Production infrastructure for machine learning at scale
ONNX Runtime: cross-platform, high performance ML inferencing and training accelerator
The Triton Inference Server provides an optimized cloud and edge inferencing solution.
Open source platform for the machine learning lifecycle
Quick Overview
TorchServe is an open-source model serving framework for PyTorch. It provides a flexible and easy-to-use solution for deploying and serving PyTorch models in production environments. TorchServe offers features like model versioning, metrics, and multi-model serving, making it suitable for various deployment scenarios.
Pros
- Easy to use and deploy, with minimal configuration required
- Supports both REST and gRPC APIs for model inference
- Provides built-in model management and versioning capabilities
- Offers customizable handlers for pre- and post-processing of inputs and outputs
Cons
- Limited to PyTorch models, not suitable for other deep learning frameworks
- May have performance overhead compared to more specialized serving solutions
- Documentation can be sparse or outdated in some areas
- Relatively new project, which may lead to potential stability issues or frequent changes
Code Examples
- Creating a custom handler:
from ts.torch_handler.base_handler import BaseHandler
class MyCustomHandler(BaseHandler):
def preprocess(self, data):
# Custom preprocessing logic
return processed_data
def inference(self, data):
# Custom inference logic
return predictions
def postprocess(self, data):
# Custom postprocessing logic
return final_output
- Registering a model:
import torch
from torchserve.model_archiver.model_packaging import package_model
model = torch.load('my_model.pth')
package_model(model_name='my_model',
version='1.0',
model_file='my_model.py',
serialized_file='my_model.pth',
handler='my_custom_handler.py')
- Starting TorchServe:
torchserve --start --ncs --model-store model_store --models my_model.mar
Getting Started
- Install TorchServe:
pip install torchserve torch-model-archiver torch-workflow-archiver
- Create a model archive:
torch-model-archiver --model-name my_model --version 1.0 --model-file path/to/model.py --serialized-file path/to/model.pth --handler image_classifier
- Start TorchServe:
mkdir model_store
mv my_model.mar model_store/
torchserve --start --ncs --model-store model_store --models my_model.mar
- Make an inference request:
curl http://localhost:8080/predictions/my_model -T examples/image_classifier/kitten.jpg
Competitor Comparisons
A flexible, high-performance serving system for machine learning models
Pros of TensorFlow Serving
- More mature and battle-tested in production environments
- Supports model versioning and A/B testing out of the box
- Offers high-performance serving with optimized C++ runtime
Cons of TensorFlow Serving
- Limited to TensorFlow models only
- Steeper learning curve and more complex setup
- Less flexibility for custom preprocessing and postprocessing
Code Comparison
TensorFlow Serving (using gRPC):
import tensorflow as tf
from tensorflow_serving.apis import predict_pb2
from tensorflow_serving.apis import prediction_service_pb2_grpc
stub = prediction_service_pb2_grpc.PredictionServiceStub(channel)
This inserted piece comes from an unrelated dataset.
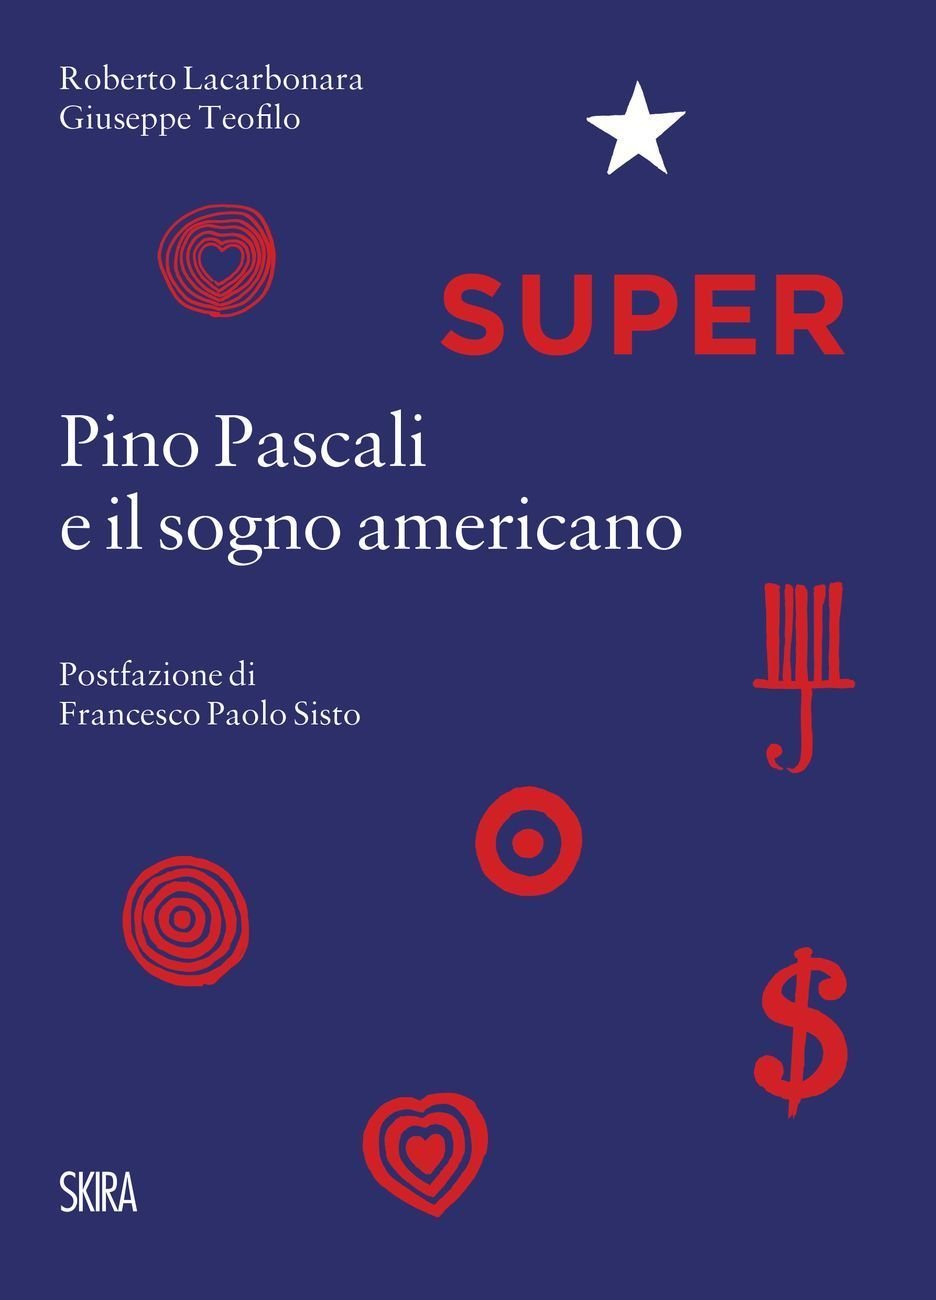 Roberto Lacarbonara & Giuseppe Teofilo – Super. Pino Pascali e il sogno americano (Skira, Milano 2017)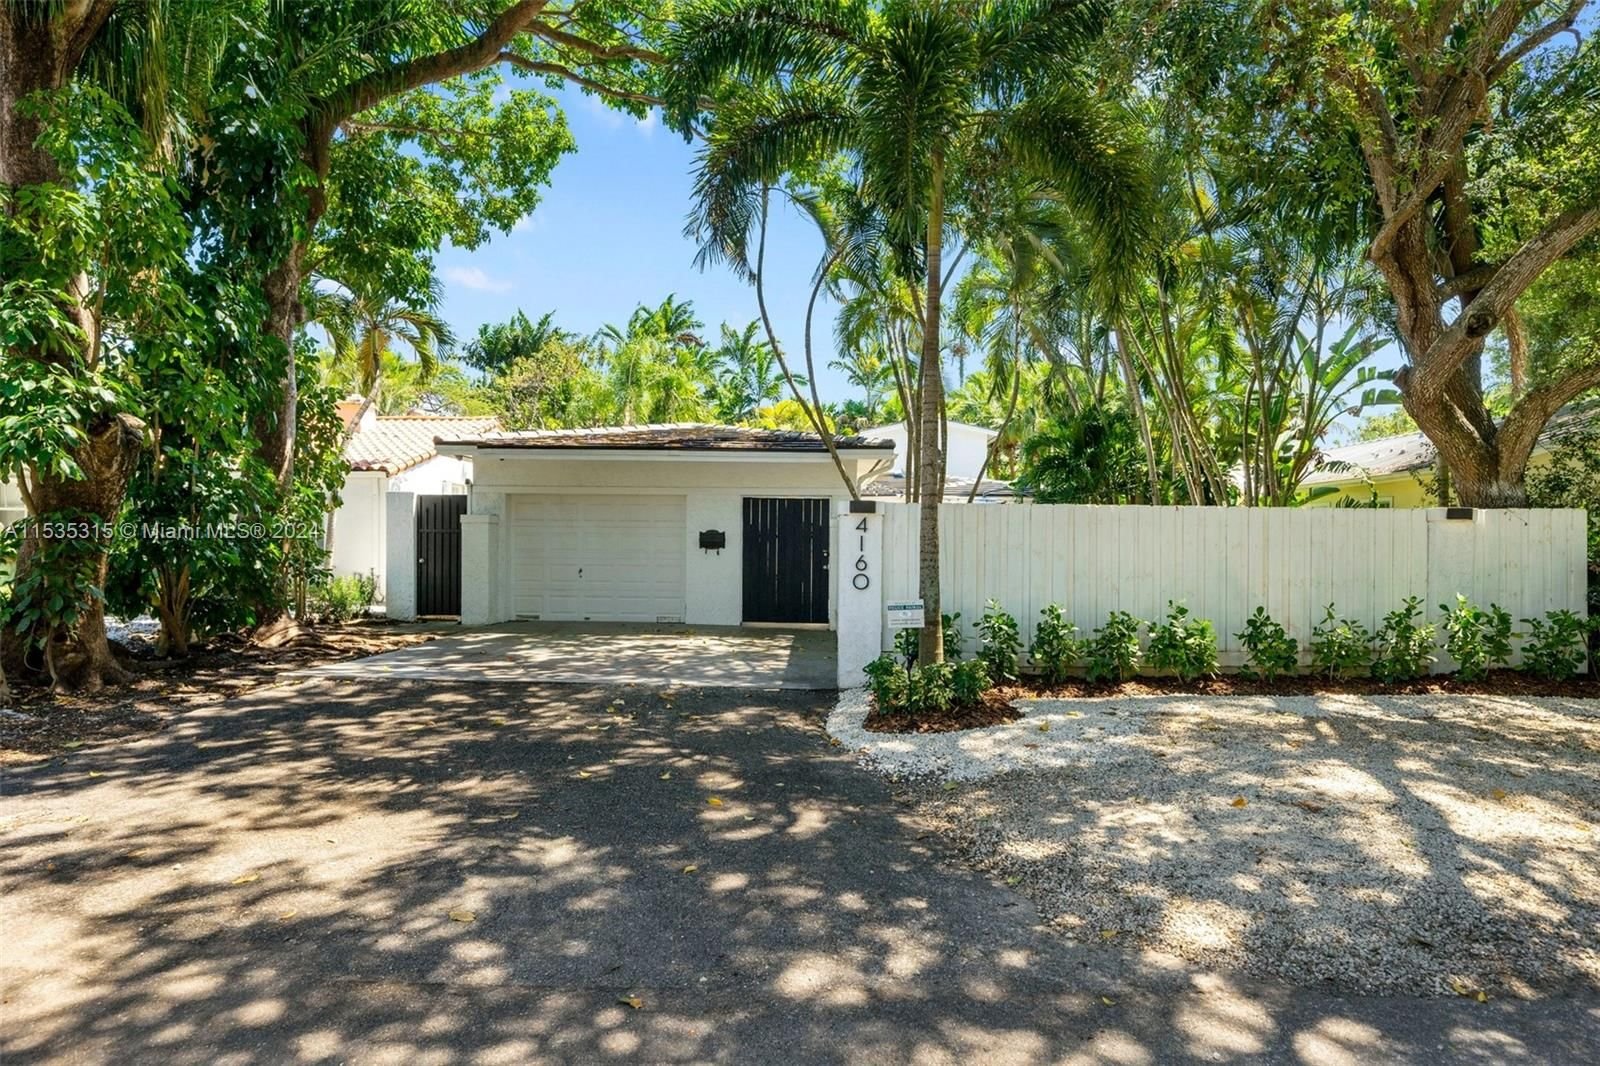 Real estate property located at 4160 Ventura Ave, Miami-Dade County, UTOPIA, Miami, FL

request = predict_pb2.PredictRequest()
request.model_spec.name = 'model'
request.inputs['input'].CopyFrom(tf.make_tensor_proto(data))
result = stub.Predict(request, 10.0)
PyTorch Serve:
import requests
import json
data = {'input': input_data.tolist()}
response = requests.post("http://localhost:8080/predictions/model", data=json.dumps(data))
result = response.json()
PyTorch Serve offers a simpler API and supports both REST and gRPC, while TensorFlow Serving focuses on high-performance gRPC communication. PyTorch Serve is more flexible and easier to use for custom models, but TensorFlow Serving excels in production environments with its optimized performance and built-in model management features.
The easiest way to serve AI apps and models - Build reliable Inference APIs, LLM apps, Multi-model chains, RAG service, and much more!
Pros of BentoML
- More flexible model serving framework, supporting multiple ML frameworks beyond PyTorch
- Provides a unified API for model packaging, deployment, and management
- Offers built-in model versioning and experiment tracking capabilities
Cons of BentoML
- Steeper learning curve due to its more comprehensive feature set
- May have higher resource overhead for simpler serving scenarios
- Less tightly integrated with PyTorch ecosystem
Code Comparison
BentoML:
import bentoml
@bentoml.env(pip_packages=["torch"])
@bentoml.artifacts([bentoml.PyTorchModelArtifact("model")])
class MyService(bentoml.BentoService):
@bentoml.api(input=bentoml.Image(), output=bentoml.JsonOutput())
def predict(self, image):
return self.artifacts.model(image)
TorchServe:
import torch
from ts.torch_handler.base_handler import BaseHandler
class MyHandler(BaseHandler):
def preprocess(self, data):
return torch.tensor(data)
def inference(self, data):
return self.model.forward(data)
def postprocess(self, data):
return data.tolist()
Production infrastructure for machine learning at scale
Pros of Cortex
- Supports multiple machine learning frameworks (TensorFlow, PyTorch, scikit-learn, etc.)
- Provides automatic scaling and infrastructure management
- Offers a more comprehensive end-to-end ML deployment solution
Cons of Cortex
- Steeper learning curve due to more complex architecture
- Less tightly integrated with PyTorch ecosystem
- May have higher operational costs for smaller projects
Code Comparison
Cortex deployment:
- name: iris-classifier
predictor:
type: python
path: predictor.py
compute:
cpu: 1
TorchServe deployment:
torch-model-archiver --model-name densenet161 --version 1.0 --model-file model.py --serialized-file densenet161-8d451a50.pth --export-path model_store --extra-files index_to_name.json --handler image_classifier
Summary
Cortex offers a more comprehensive solution for deploying machine learning models across various frameworks, with built-in scaling and infrastructure management. However, it may be more complex to set up and potentially costlier for smaller projects. TorchServe, on the other hand, provides a simpler, PyTorch-focused deployment option that might be more suitable for projects primarily using PyTorch models.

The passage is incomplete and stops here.